Не все шло у нас гладко, случались и "проколы".

Однажды в первом самостоятельном полете Владислава Лойчикова на МиГ-21У (я сидел в задней кабине) после взлета и уборки шасси резко упала тяга двигателя. Я заметил, что при этом РУД (рычаг управления двигателем) пошел назад, и подумал, что Слава определил какую-то неисправность и решил садиться, что при нашей пятикилометровой полосе было вполне возможно, но удивился, почему он не выпускает шасси, так как при посадке на бетон "на брюхо" стесало бы нам зады до макушки… Моя рука потянулась к ручке выпуска шасси, но в этот момент РУД двинулся вперед, тяга возросла, и мы от самого бетона потихоньку полезли вверх. С земли вежливо поинтересовались причиной такой манеры взлета; Слава ответил, что все в порядке, а мне через некоторое время сказал: "Боб, а я тебя чуть не убил". О себе он, видимо, забыл…

После посадки стали разбираться, в чем дело. Лойчиков толком ничего объяснить не мог, говорил, что упали обороты и он решил садиться, а потом на всякий случай двинул РУД вперед, и двигатель исправно увеличил тягу. Решили, что после уборки шасси летчик зацепил РУД отворотом рукава куртки, и РУД, не стоявший на защелке (мы взлетали на максимальном режиме двигателя, не на форсаже), пополз назад. Провели "следственный эксперимент" — все сходится. Так это дело и окончилось. Славу особенно ругать не стали, посоветовали и ему, и другим повнимательнее работать с оборудованием кабины.

Юрий Абрамович привез из полета на МиГ-19 несколько сосновых веток на стойках шасси… В этот день облака над аэродромом повисли метрах в трехстах, что позволило нам выполнять полеты, но с той стороны, откуда происходил заход на посадку, облачность резко понижалась, а превышение местности в том районе составляло около семидесяти метров над уровнем аэродрома, поэтому там облака фактически стлались по земле. Юрию разрешили снижение для захода на посадку намного дальше положенного расстояния, спутав метку его самолета на локаторе с меткой другого самолета, находящегося ближе.

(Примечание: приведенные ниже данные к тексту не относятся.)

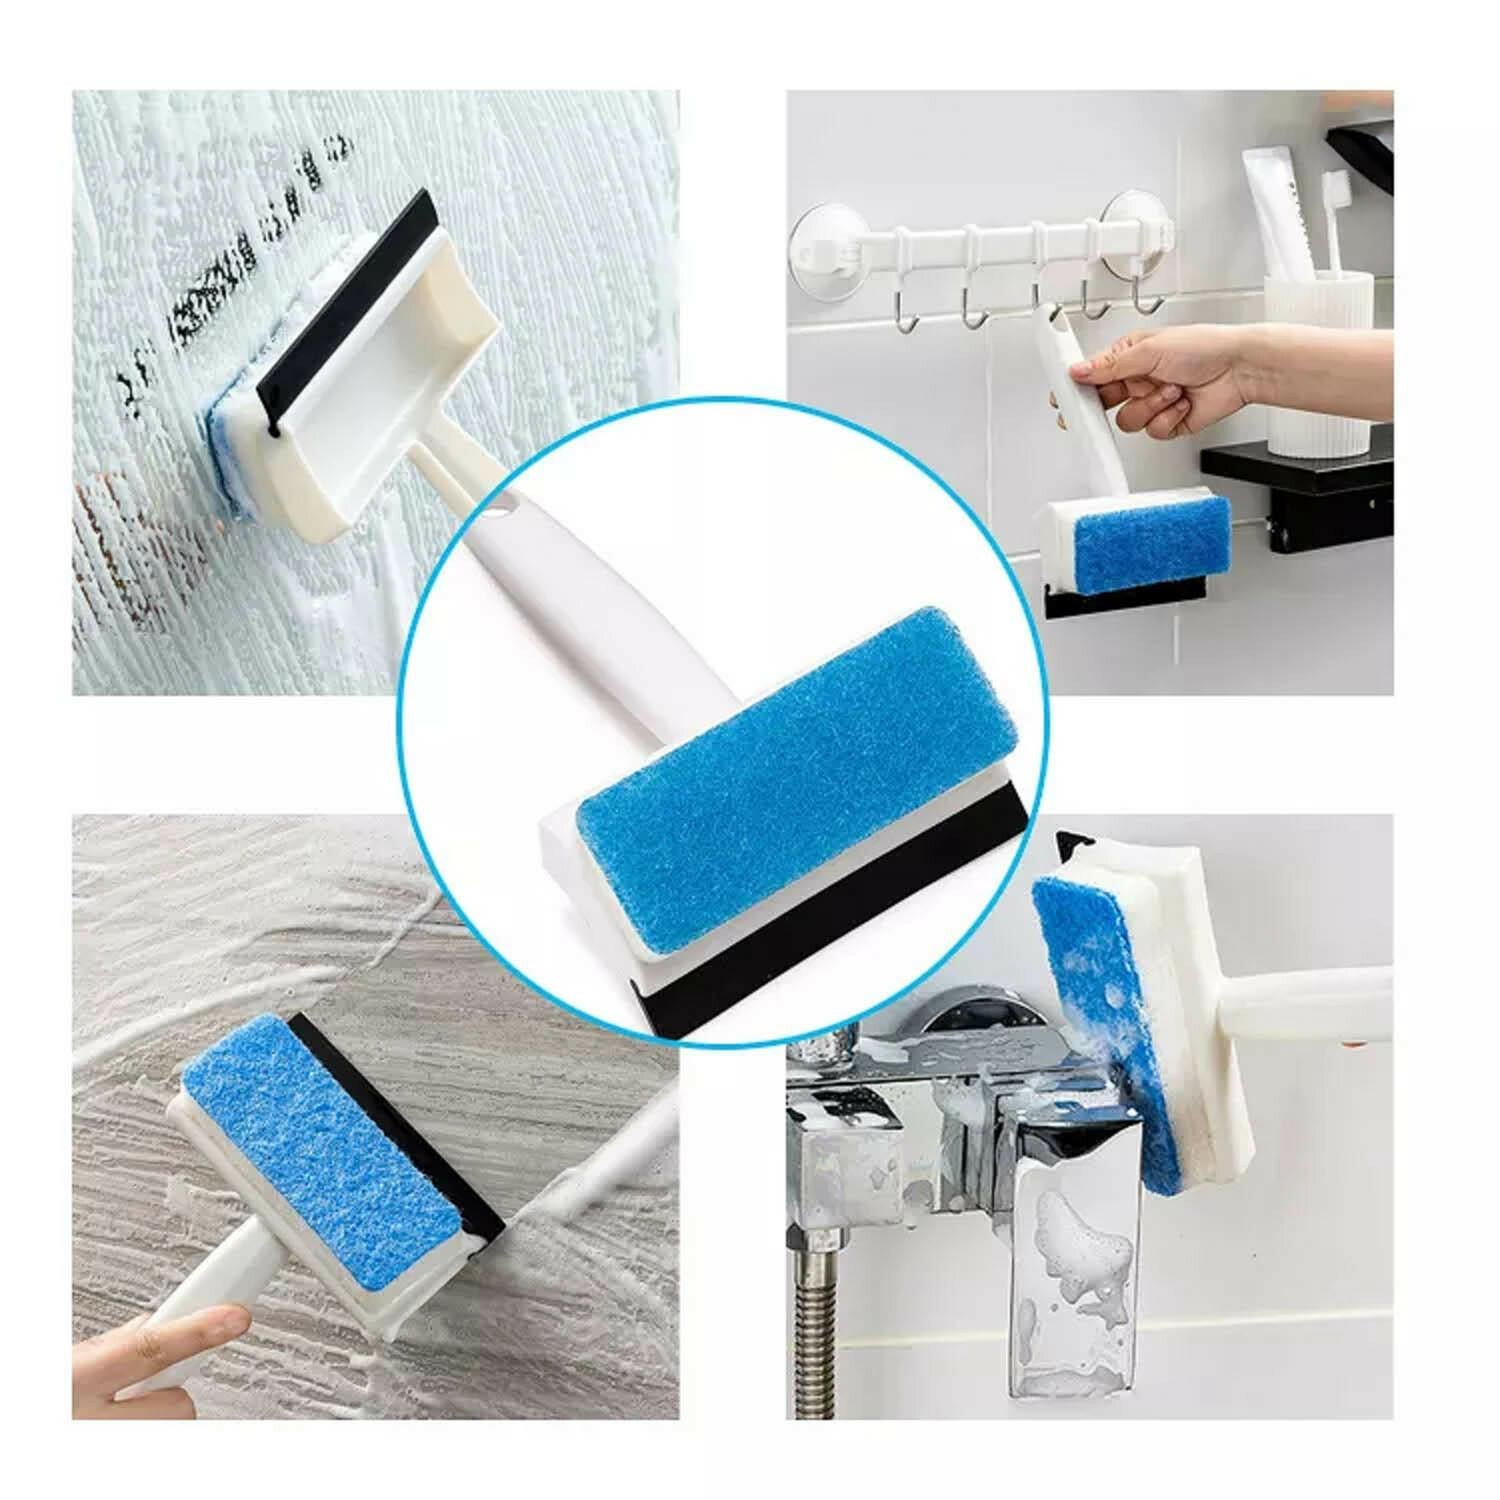 7602 2 in 1 Glass Wiper Cleaning Brush Mirror Grout Tile Cleaner Washing Pot Brush Double-Sided Glass Wipe Bathroom Wiper Window Glass Wiper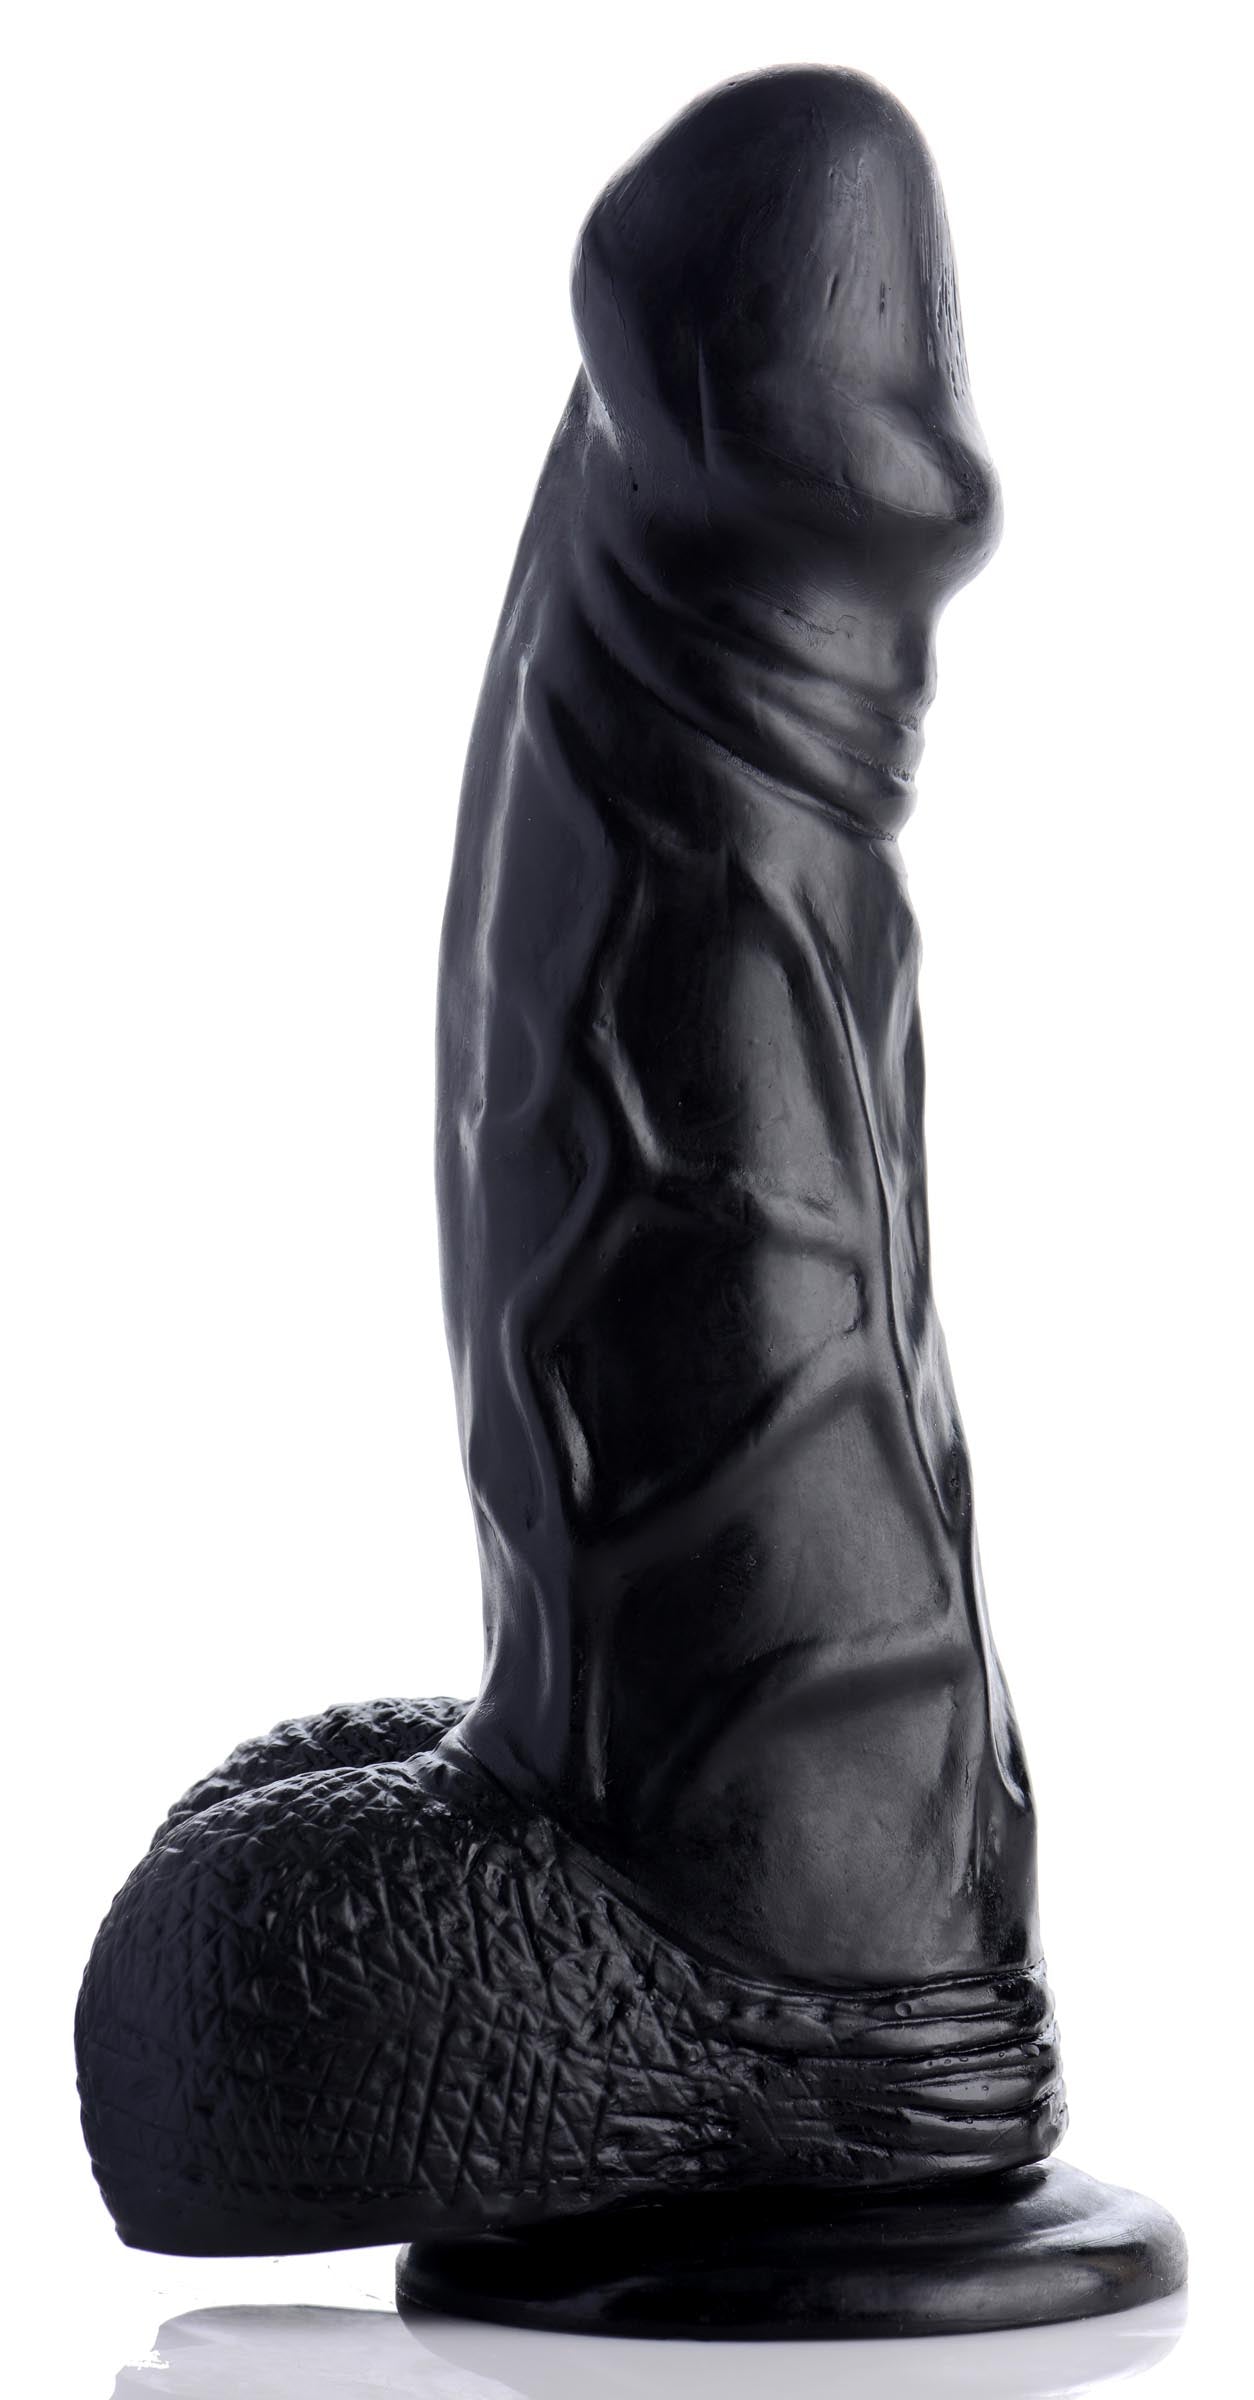 6.5 Inch Realistic Suction Cup Dildo

В результате получилось, что летчик, имея на своем приборе высоту относительно аэродрома, на самом деле оказался в облаках на меньшей реальной высоте. Радиовысотомер не работал, да и психологическое состояние пилота, надо полагать, было не ахти какое: по данным, передаваемым с земли, впереди вот-вот должна показаться взлетно-посадочная полоса, ниже трехсот метров самолет уже должен выйти из облаков, а тут и высота меньше, и аэродрома нет…

Когда самолет вывалился из облаков, Юра увидел под собой верхушки сосен, за одну из которых, видимо, самую здоровенную, он и зацепил выпушенным шасси.

Хотели Абрамовича за это крепко "забодать", но после трезвой оценки той непростой обстановки, в которой летчик оказался не без "помощи" руководителя полетов, решили особой строгости не проявлять. Юрий Гарриевич Абрамович успешно закончил ШЛИ, ровно четверть века испытывал истребители на Луховицком авиационном заводе, побывал в переделках, из которых достойно выходил, спасая самолет, а однажды благополучно посадил истребитель с отказавшим двигателем на свой аэродром, что удается далеко не всем. Он дослужился до начальника летной службы завода, стал заслуженным летчиком-испытателем СССР, одним из авторитетнейших испытателей МАП.